Accepts the same options as stream/3.

init(model, opts \\ [])

@spec init(
  LlamaCppEx.Model.t(),
  keyword()
) :: {:ok, t()} | {:error, term()}

Initializes an MTP speculative session: builds the target context, the MTP draft context (ctx_type: :mtp), and the underlying common_speculative state.

Options

  • :n_draft - Max draft tokens generated per iteration. Defaults to 3. Larger values mean fewer model forward passes but lower per-iteration acceptance; 2–4 is the sweet spot in practice.
  • :n_ctx - Context size for both contexts. Defaults to 2048.
  • Any LlamaCppEx.Context option (e.g. :n_threads, :flash_attn, :type_k/:type_v, :offload_kqv). The same options are applied to both the target and draft contexts.

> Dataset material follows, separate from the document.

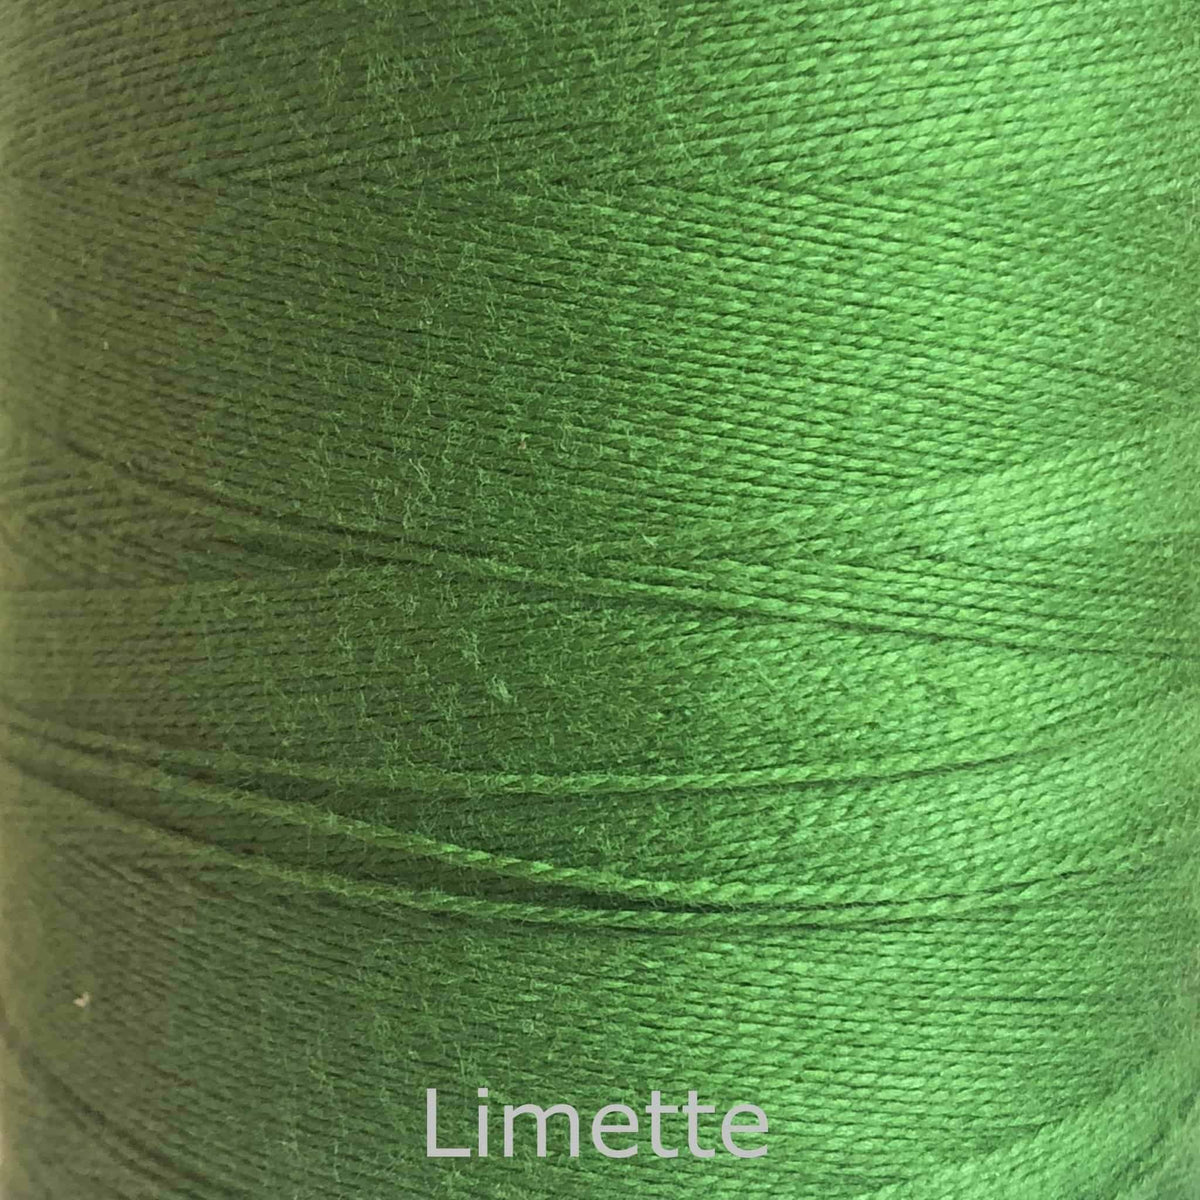 16/2 cotton weaving yarn limette

Returns {:ok, %MTP{}} or {:error, reason}.

stats(mtp)

@spec stats(t()) :: map()

Returns the current MTP statistics snapshot (lock-free read of atomic counters). Safe to call at any time — including from another process while a stream is in flight.

Returns a map with keys:

  • :iters - speculative loop iterations completed
  • :drafts_generated - draft tokens proposed by the MTP head
  • :drafts_accepted - draft tokens accepted by the target model
  • :acceptance_rate - drafts_accepted / drafts_generated (0.0–1.0)
  • :tokens_emitted - tokens streamed back to the caller
  • :tokens_per_sec - throughput over the active generation window
  • :timing_us - %{draft: μs, verify: μs, sample: μs, total: μs}
  • :n_draft - max draft length configured at init

Counters are cumulative across all stream/3 / generate/3 calls on this MTP value.

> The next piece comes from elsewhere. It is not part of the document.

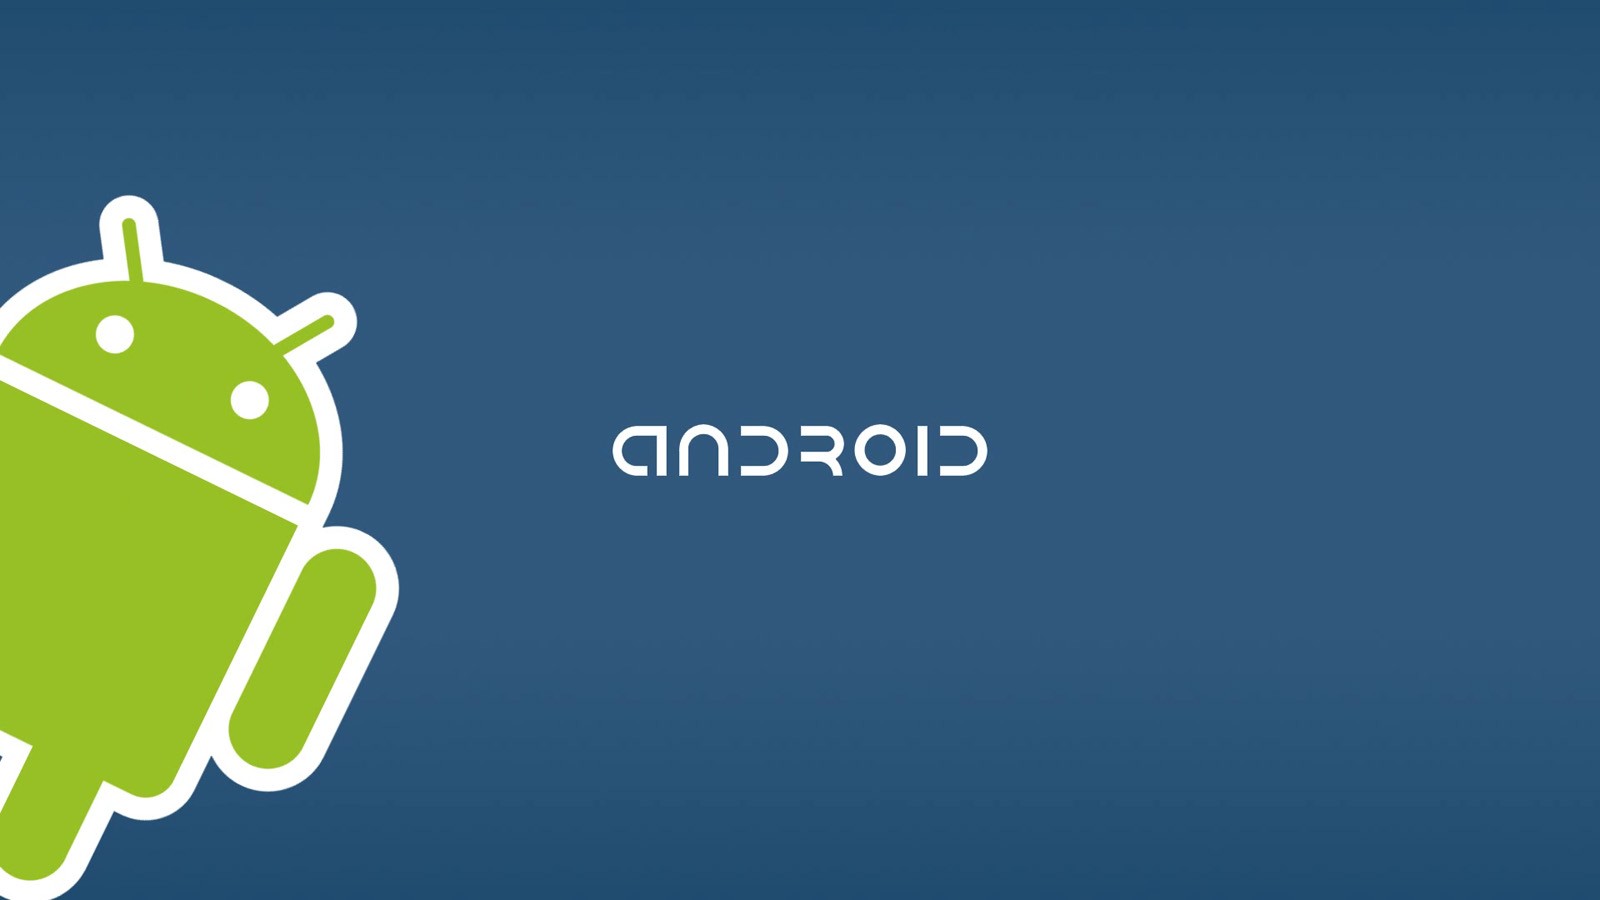 Rumores sobre las características de Android 4.2, hablemos del futuro cercano de Android

stream(mtp, prompt, opts \\ [])

@spec stream(t(), String.t(), keyword()) :: Enumerable.t()

Returns a lazy stream of generated text pieces.

Options

  • :max_tokens - Maximum tokens to generate (default 256).
  • :emit_stats_every - When > 0, also emits {:stats, snapshot_map} events every Nth token via the underlying message stream. Note: these events are filtered out of this String.t() stream — to consume them use stream_events/3 instead. Default 0 (off).
  • :timeout - Receive timeout in milliseconds (default 60_000).
  • Any sampler option from LlamaCppEx.Sampler.create/2 (:temp, :top_k, :top_p, :min_p, :seed, :penalty_*, :grammar, etc.).

Each emitted element is the text piece for one accepted token. The stream ends on end-of-generation, max-tokens, or error.

stream_events(mtp, prompt, opts \\ [])

@spec stream_events(t(), String.t(), keyword()) :: Enumerable.t()

Like stream/3, but yields the raw event tuples emitted by the NIF:

  • {:token, token_id, text_piece} - one accepted token
  • {:stats, snapshot_map} - periodic stats (only when :emit_stats_every > 0)
  • {:done, final_stats_map} - generation completed normally
  • {:eog, nil} - model emitted an end-of-generation token

The stream halts after :done / :eog / :error. The final stats map is available via stats/1 on the MTP struct even after the stream ends.